The Disaster of Molare

CHAPTER 2.The Lake and the Secondary Dam

Why the name “Main dam”?
The decision to increase dam height of 13 mt. in respect of primary project was the cause of a big problem: in a point of the perimeter of the new coming lake, particularly where the depression of two ridges produced a saddle (Sella Zerbino), the natural bank would be placed below the max storage capacity level. From here, water could “spill”, flowing into the meander of the Orba torrent, just downstream the main dam.
Therefore, a secondary barrage was built, made up of a wall, 110 mt. overlength and 14 mt. height.
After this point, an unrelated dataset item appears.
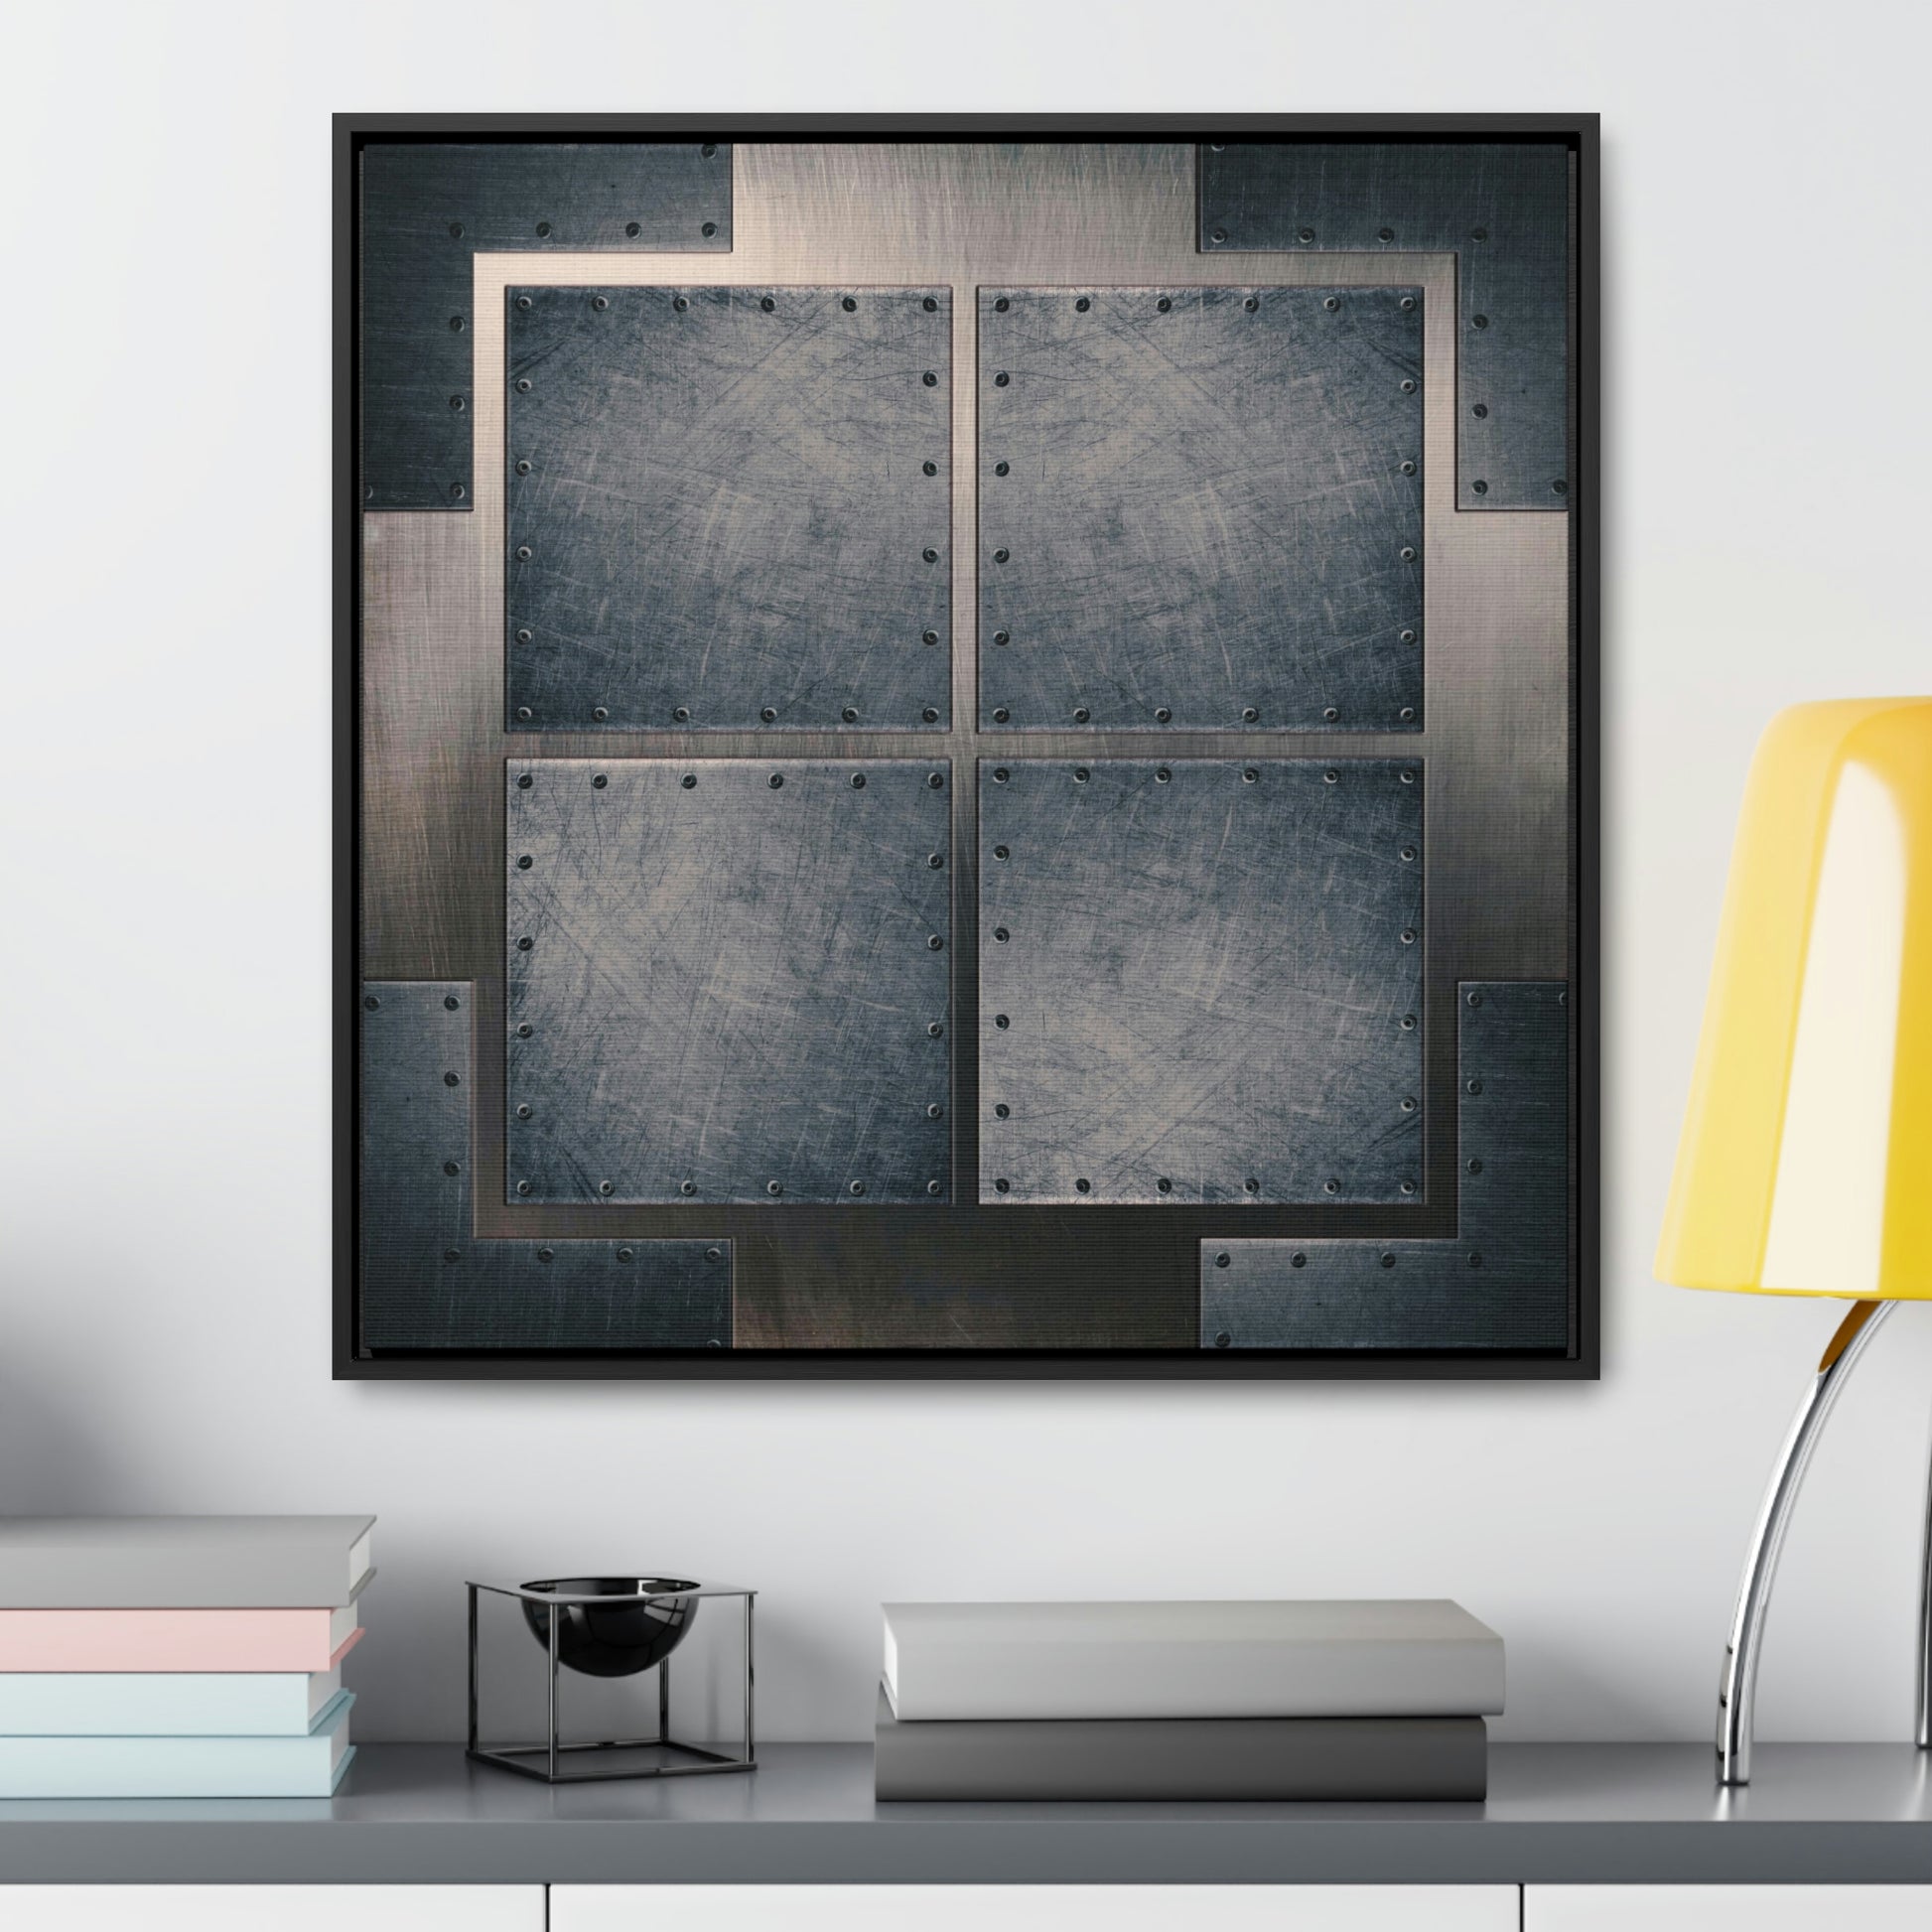 Industrial Themed Wall Decor - Distressed Steel Sheets Print on Canvas in a Floating Frame hung on white wall

This barrage was designed and built very quickly, without any geologic research, since Sella Zerbino had to be ”...solid rock made...”. This second barrage (called Secondary Dam of Sella Zerbino) looked as a large high wall , where the way to the Main Dam ran along.

On December 1 st 1923, at 7.15 a .m., some hundreds kilometres north-east far from Ortiglieto: the Scalve Valley (Alta Bresciana - Orobiche Alps) was hurt by a terrible accident. Owing to a rainstorm, the Gleno dam, on the homonymous river, almost completed, collapsed letting flow into the narrow Alpine creeks more than 6 million water and detritus. The flood swept everything away, till the Iseo Lake and 400 persons about died. The following inquiries of the competent Authorities will ascertain numerous defects both in designing and in constructing.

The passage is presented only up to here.